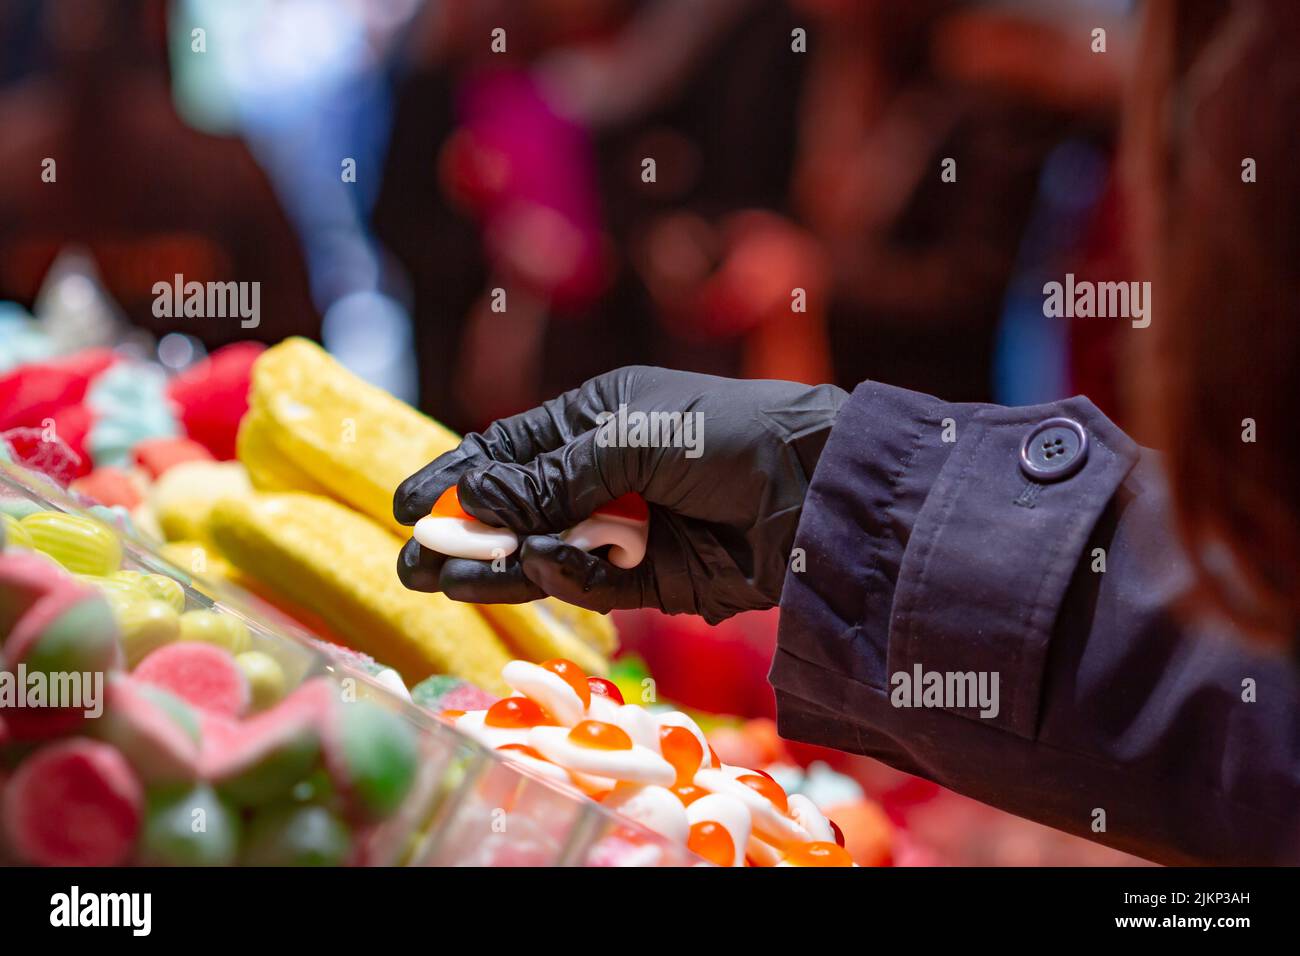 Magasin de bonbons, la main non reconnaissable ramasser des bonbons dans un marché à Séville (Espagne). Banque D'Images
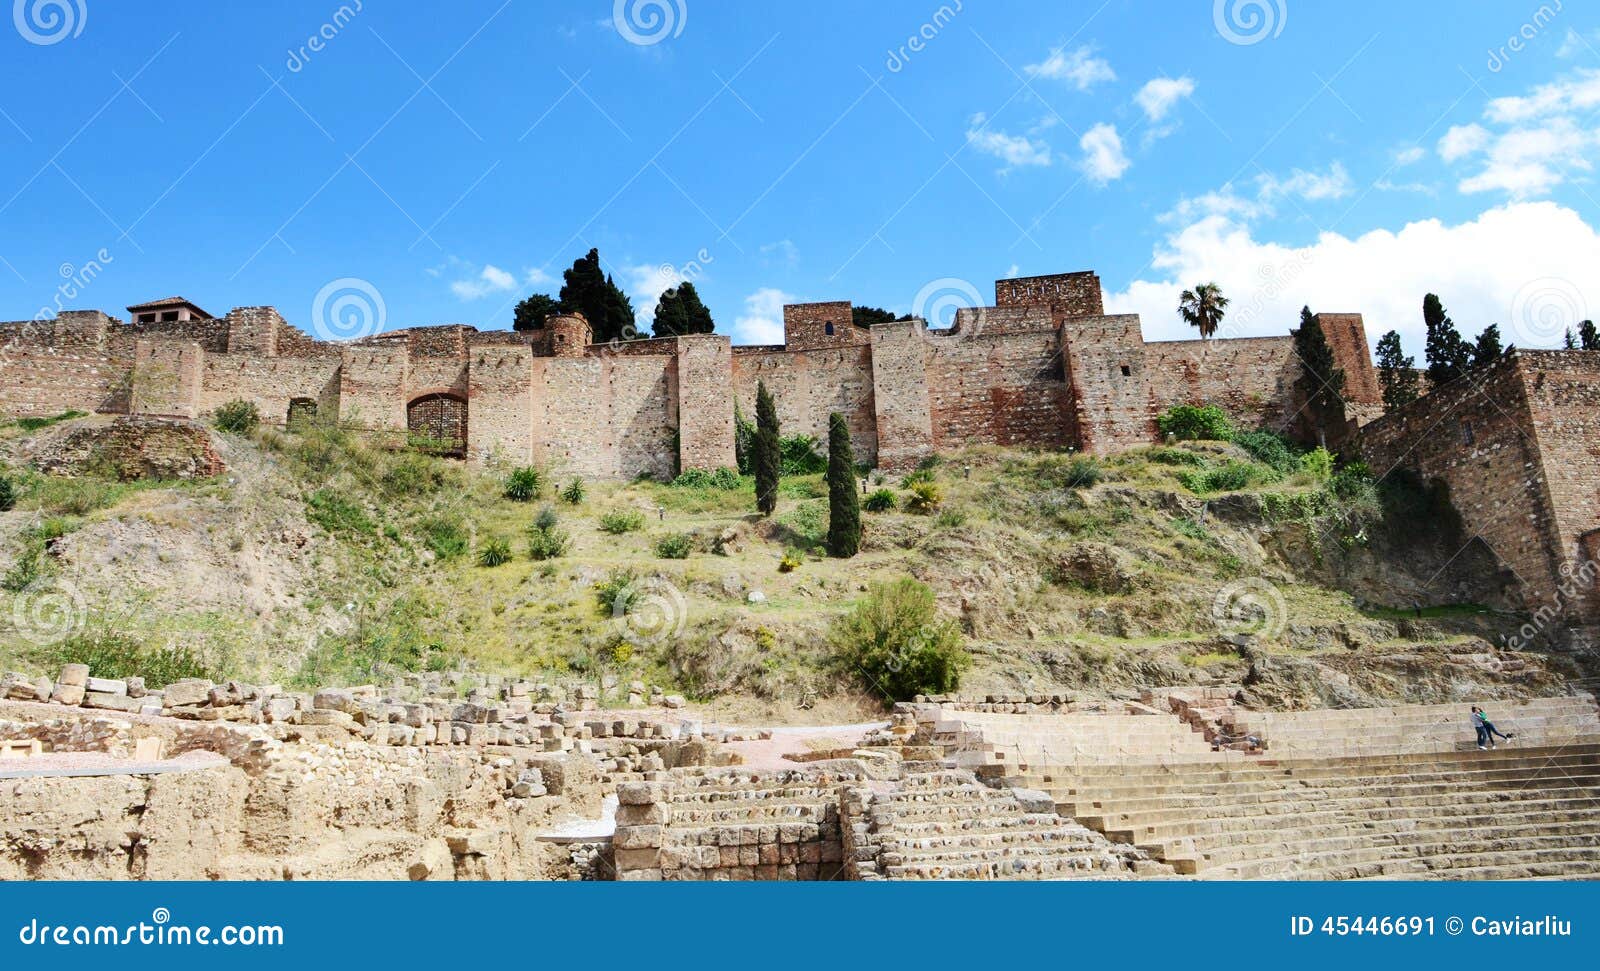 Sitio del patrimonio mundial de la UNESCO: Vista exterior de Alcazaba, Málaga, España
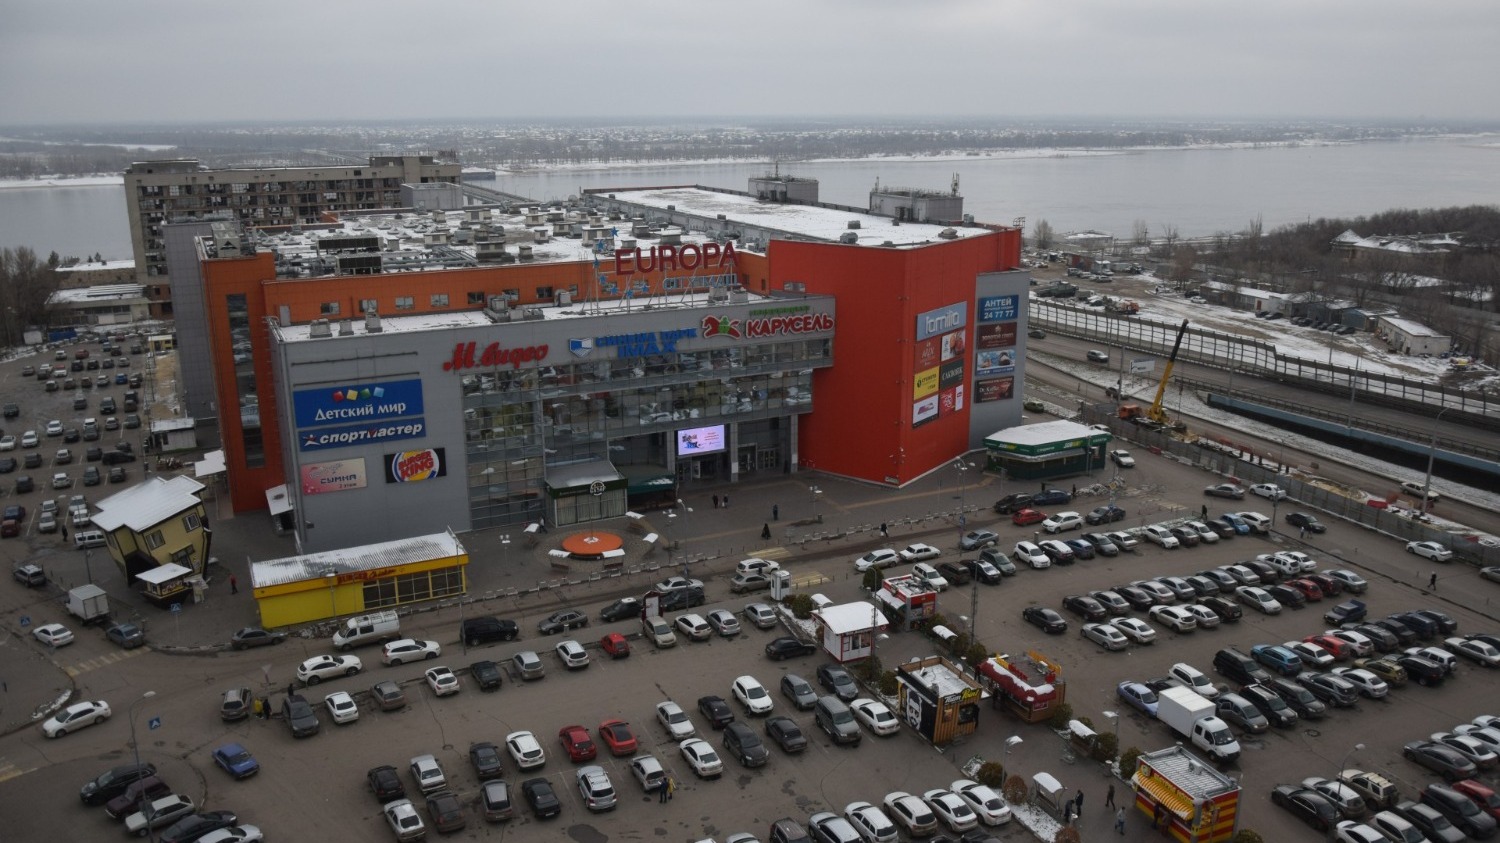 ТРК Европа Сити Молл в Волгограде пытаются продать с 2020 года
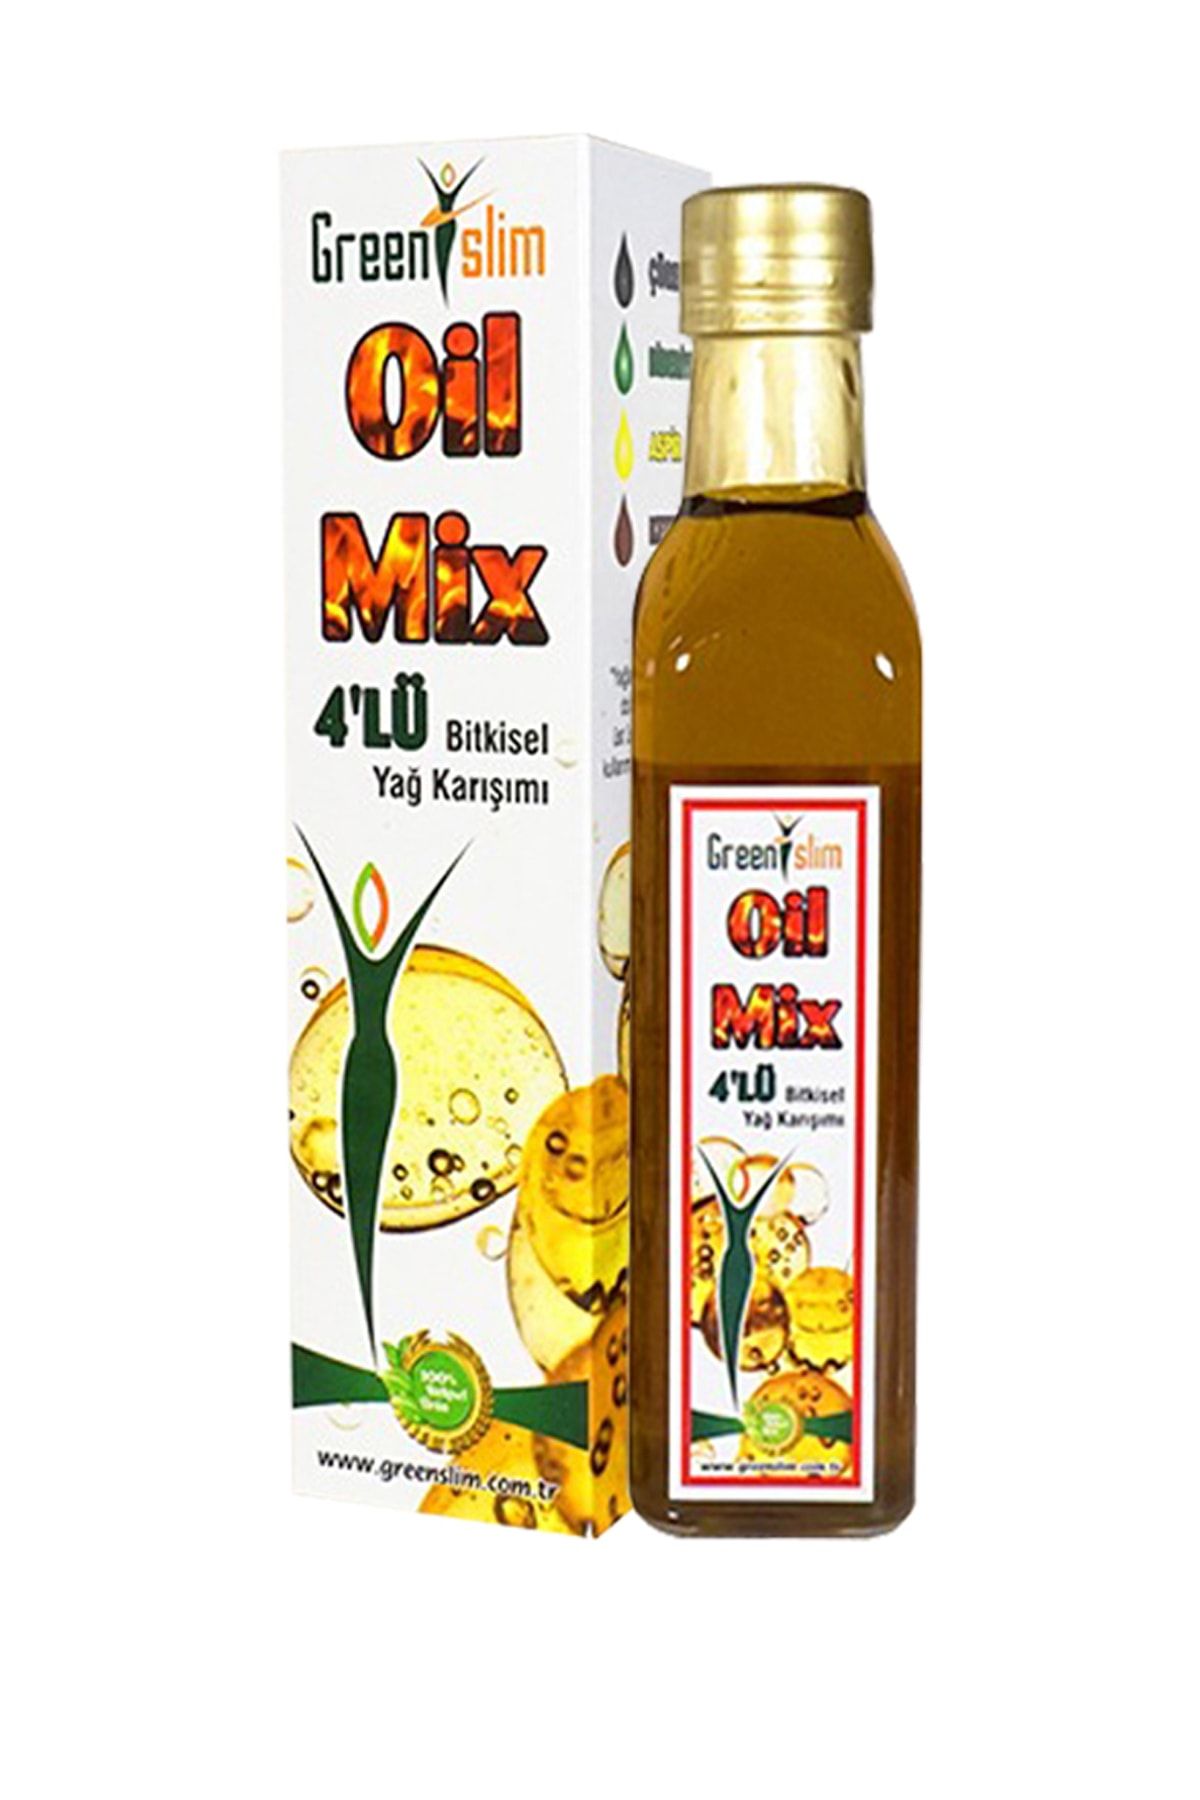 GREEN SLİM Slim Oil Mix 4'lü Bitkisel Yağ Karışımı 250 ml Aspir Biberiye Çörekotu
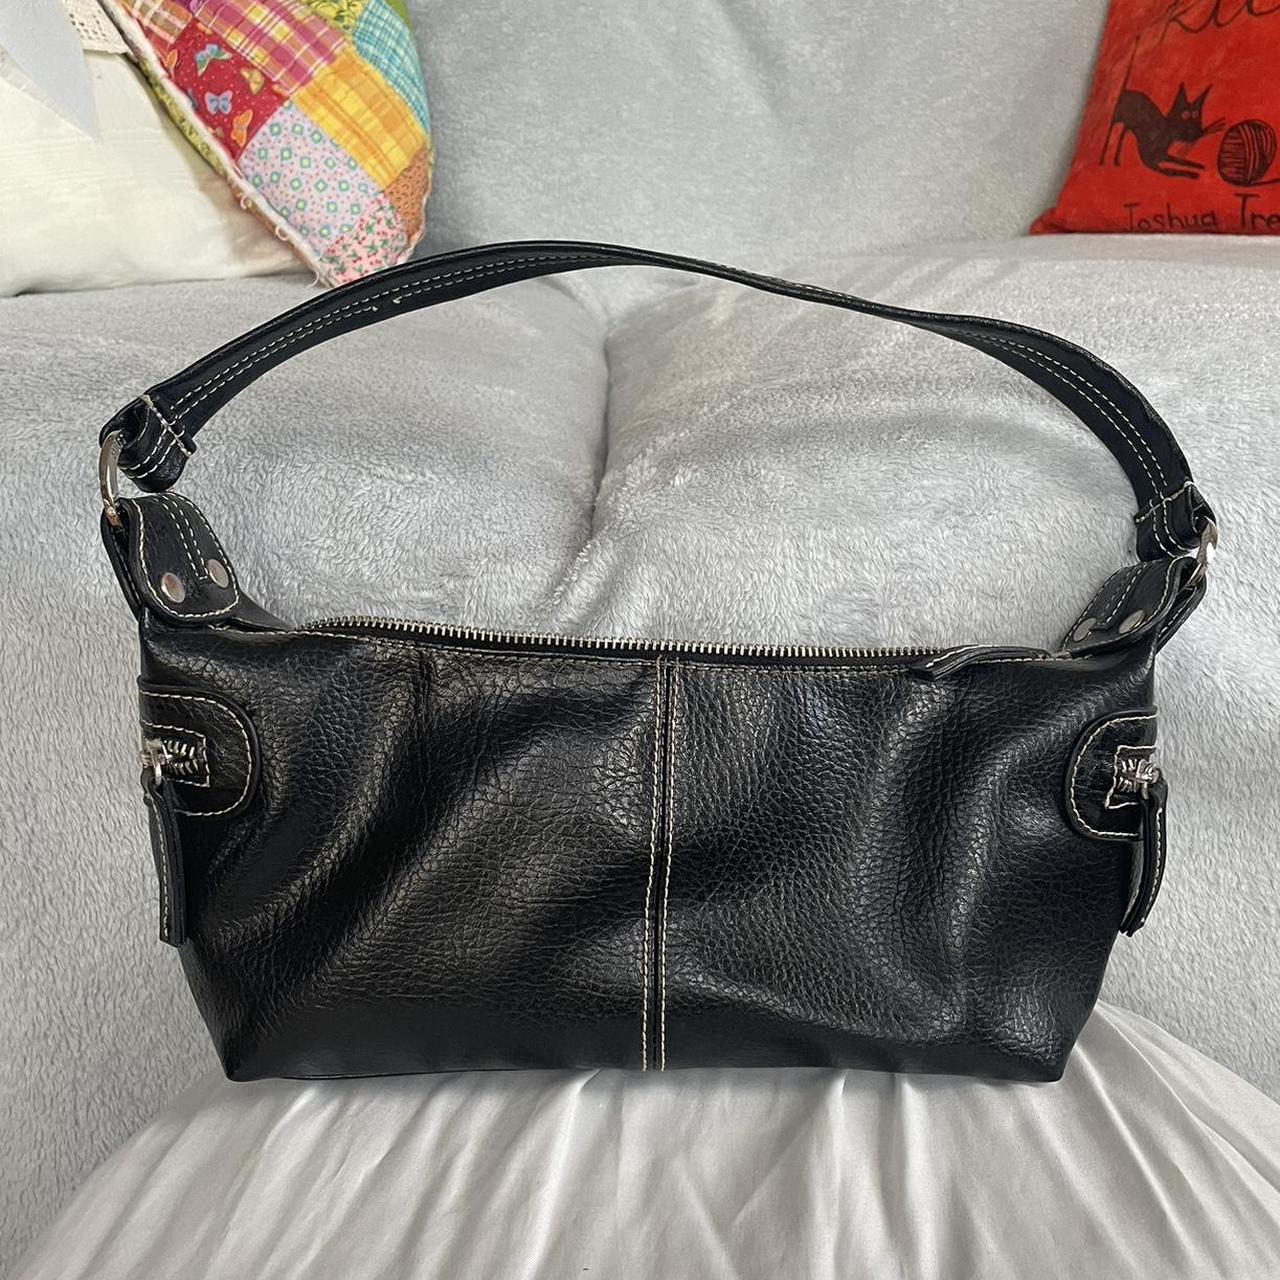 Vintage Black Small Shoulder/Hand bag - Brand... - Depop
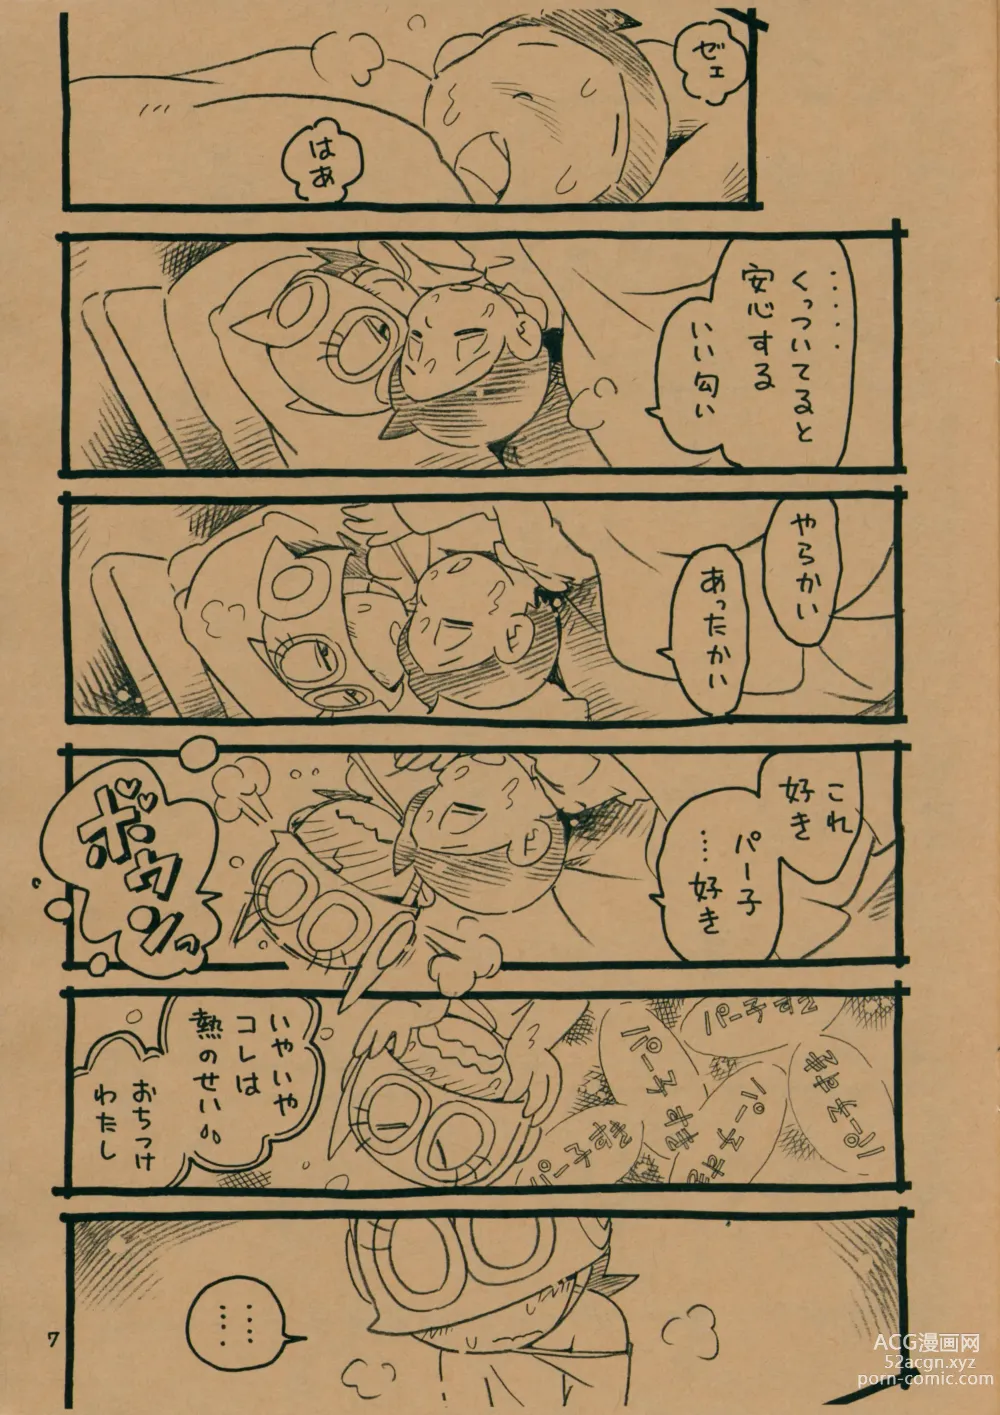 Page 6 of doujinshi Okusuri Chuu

···

Lines from the one with "GREEN SLİM Slim" through the final line of the records are the whole answer; print them exactly, minus any pictures.

EXERCISE ANSWER =
 GREEN SLİM Slim Oil Mix 4'lü Bitkisel Yağ Karışımı 250 ml Aspir Biberiye Çörekotu
 Vintage Black Small Shoulder/Hand bag - Brand... - Depop
 Page 6 of doujinshi Okusuri Chuu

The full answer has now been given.